Assignment >>
Without including any pictures, give back all of the data exactly.

##### Collected material

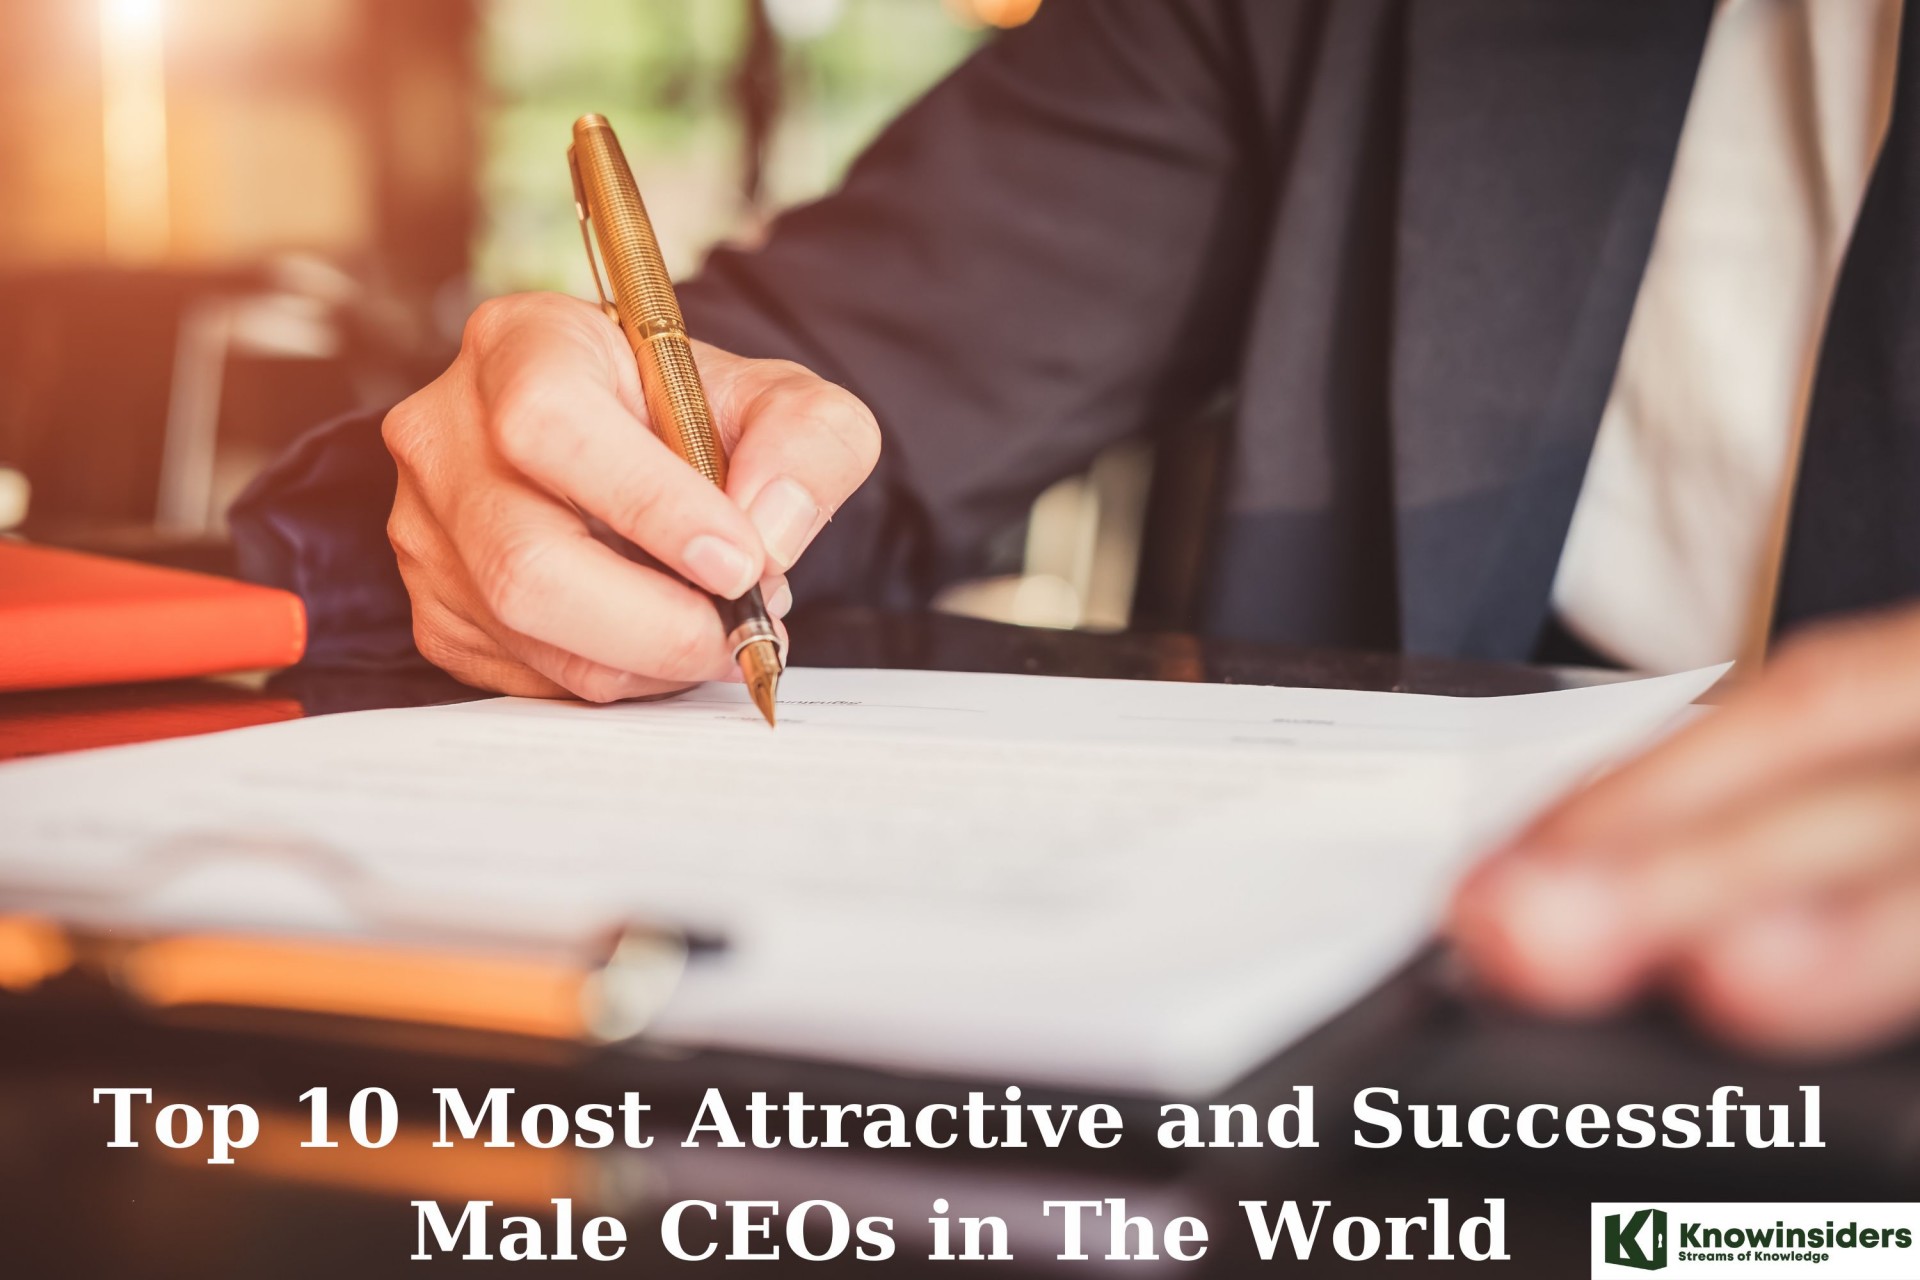 Top 10 Most Attractive and Successful Male CEOs in The World
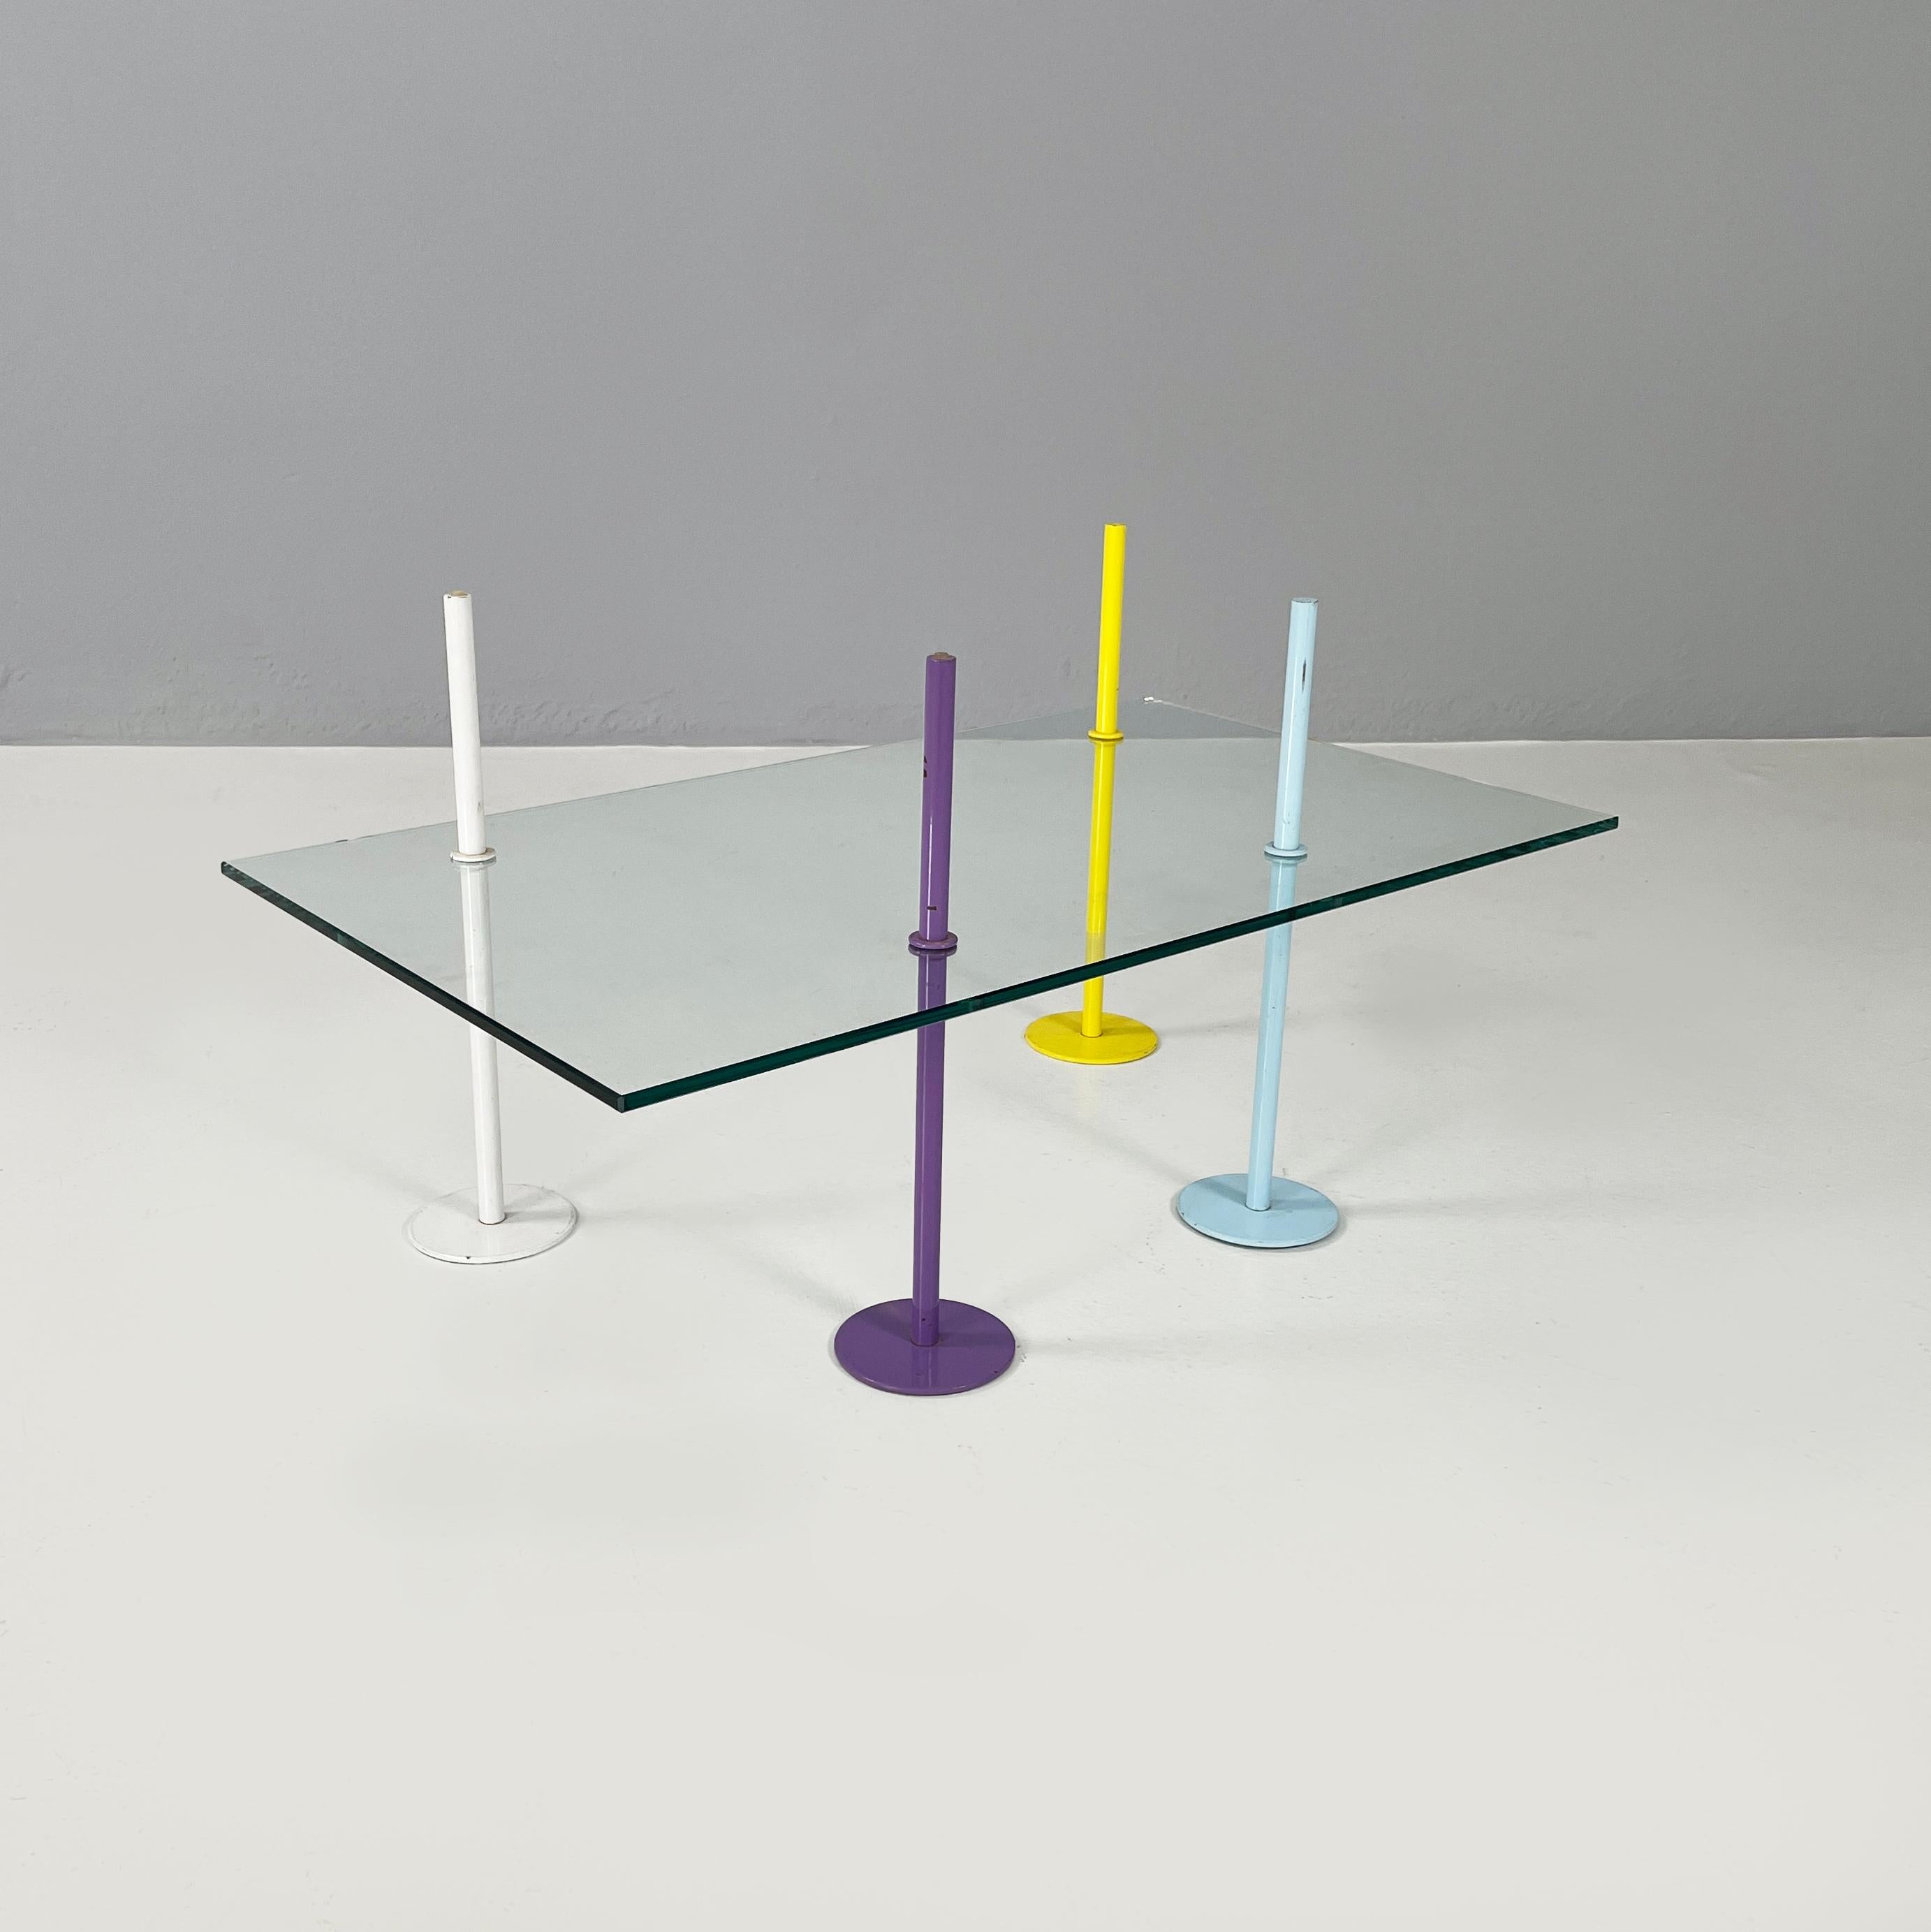 Italian modern Rectangular Coffe table in glass and colored metal rods, 1980s
Coffee table with rectangular glass top. The structure is made up of 4 metal rods that cross the top. Each of them has a different color: purple, yellow, blue and white.

##########

Output of the task >>
 Top 10 Most Attractive and Successful Male CEOs in The World
 Italian modern Rectangular Coffe table in glass and colored metal rods, 1980s
Coffee table with rectangular glass top. The structure is made up of 4 metal rods that cross the top. Each of them has a different color: purple, yellow, blue and white.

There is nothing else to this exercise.